Complete step by step solution:
Let the (n) terms G.P be,
$a,ar,a{r^2},a{r^3},..................,a{r^{n - 1}}$ Where (a) is the first term and (r) is the common ratio.
Now it is given that s is the sum of (n) terms of a G.P
$\Rightarrow S = a + ar + a{r^2} + a{r^3} + .................. + a{r^{n - 1}}$
Now as we know that the sum of (n) terms of a G.P is
$\Rightarrow S = a\dfrac{{\left( {{r^n} - 1} \right)}}{{\left( {r - 1} \right)}}$ ........................................ (A)
Now take nth power on both sides we have,
$\Rightarrow {S^n} = {\left( {a\dfrac{{\left( {{r^n} - 1} \right)}}{{\left( {r - 1} \right)}}} \right)^n} = {a^n}\dfrac{{{{\left( {{r^n} - 1} \right)}^n}}}{{{{\left( {r - 1} \right)}^n}}}$ ................................. (1)
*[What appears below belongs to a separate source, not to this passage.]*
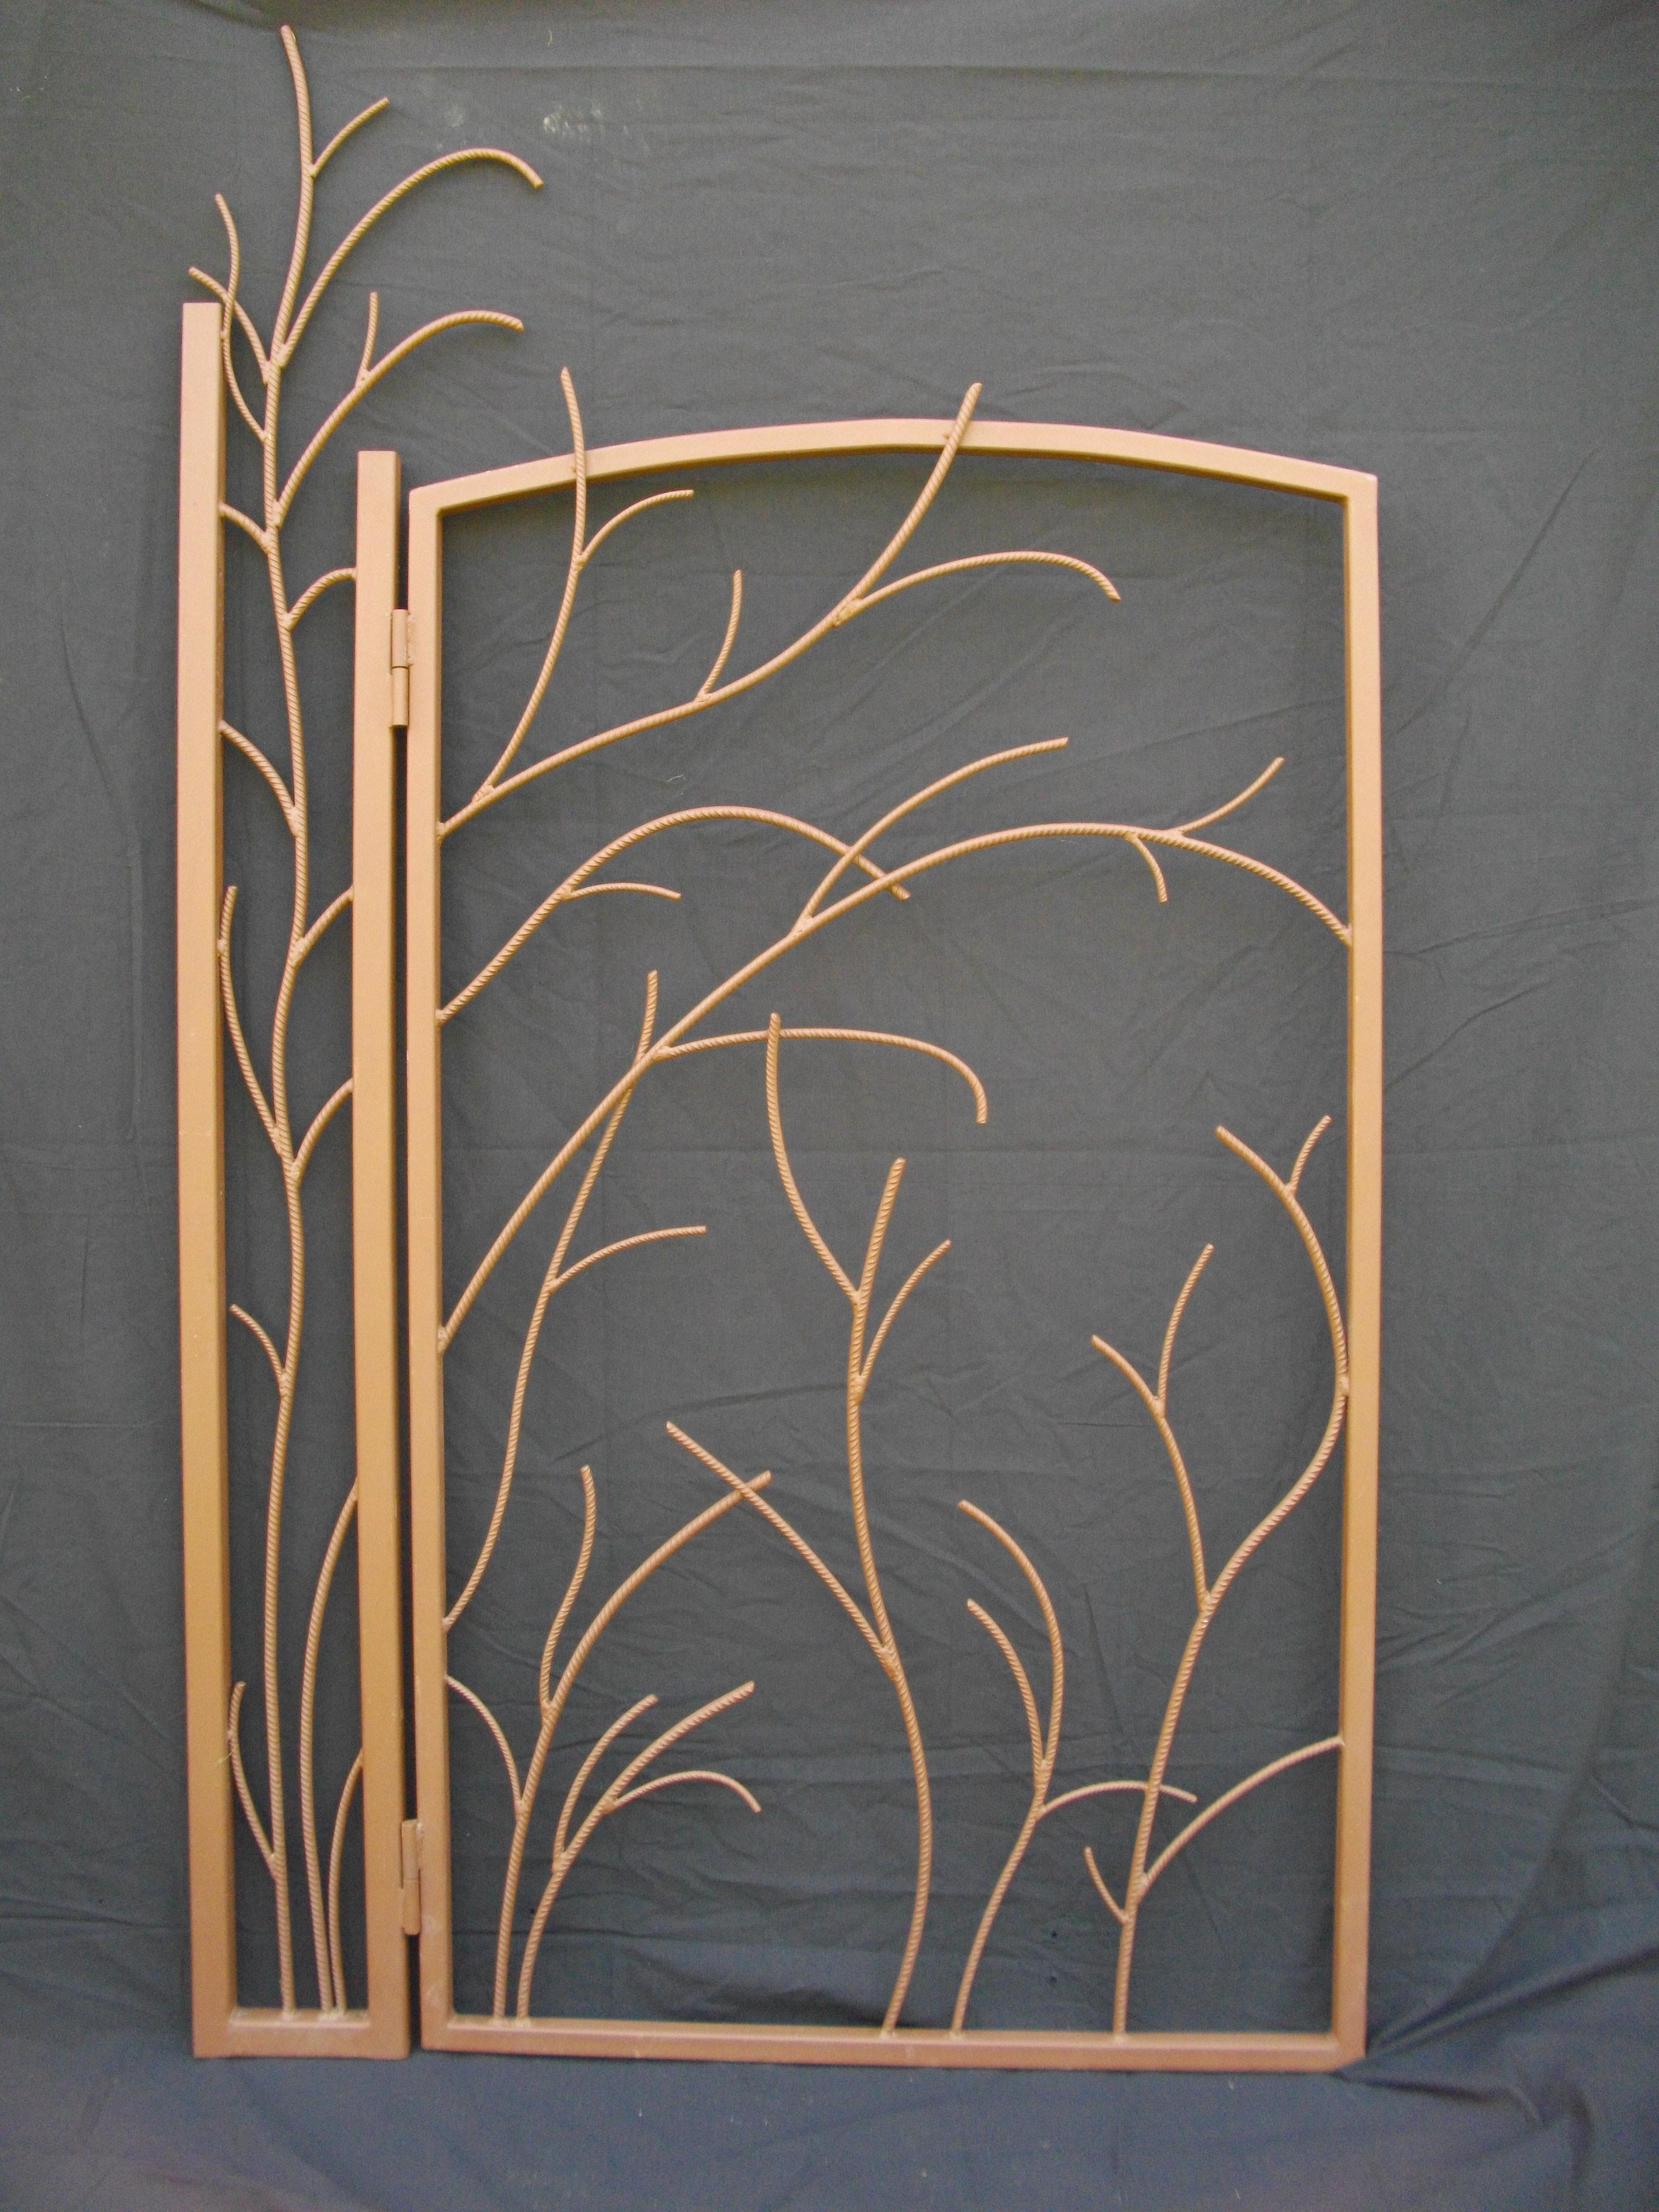 portillon metal portails acier ou m tal nantes sarl fran ois nantes portillon contemporain fp. Black Bedroom Furniture Sets. Home Design Ideas

Now it is given that P is the product of (n) terms of a G.P
$\Rightarrow P = a \times ar \times a{r^2} \times a{r^3} \times .................. \times a{r^{n - 1}}$
Now as we see that (a) is multiplied by (n) times therefore
$\Rightarrow P = {a^n}\left( {1 \times r \times {r^2} \times {r^3} \times .................. \times {r^{n - 1}}} \right)$
Now as we see that base (r) is same so powers of (r) are all added up therefore.
$\Rightarrow P = {a^n}\left( {{r^{1 + 2 + 3 + 4 + ........... + \left( {n - 1} \right)}}} \right)$
Now add and subtract by (n) in power of (r) we have,
$\Rightarrow P = {a^n}\left( {{r^{1 + 2 + 3 + 4 + ........... + \left( {n - 1} \right) + n - n}}} \right)$
Now as we know that sum of first natural number (i.e. 1 +2 +3 +4 +.................+ n) = $\dfrac{{n\left( {n + 1} \right)}}{2}$ so substitute this value in above equation we have,
$\Rightarrow P = {a^n}\left( {{r^{\dfrac{{n\left( {n + 1} \right)}}{2} - n}}} \right)$
Now simplify the above equation we have,
$\Rightarrow P = {a^n}\left( {{r^{\dfrac{{n\left( {n + 1} \right) - 2n}}{2}}}} \right) = {a^n}\left( {{r^{\dfrac{{n\left( {n - 1} \right)}}{2}}}} \right)$
Now squaring on both sides we have,
$\Rightarrow {P^2} = {\left( {{a^n}\left( {{r^{\dfrac{{n\left( {n - 1} \right)}}{2}}}} \right)} \right)^2} = {a^{2n}}{r^{n\left( {n - 1} \right)}}$......................... (2)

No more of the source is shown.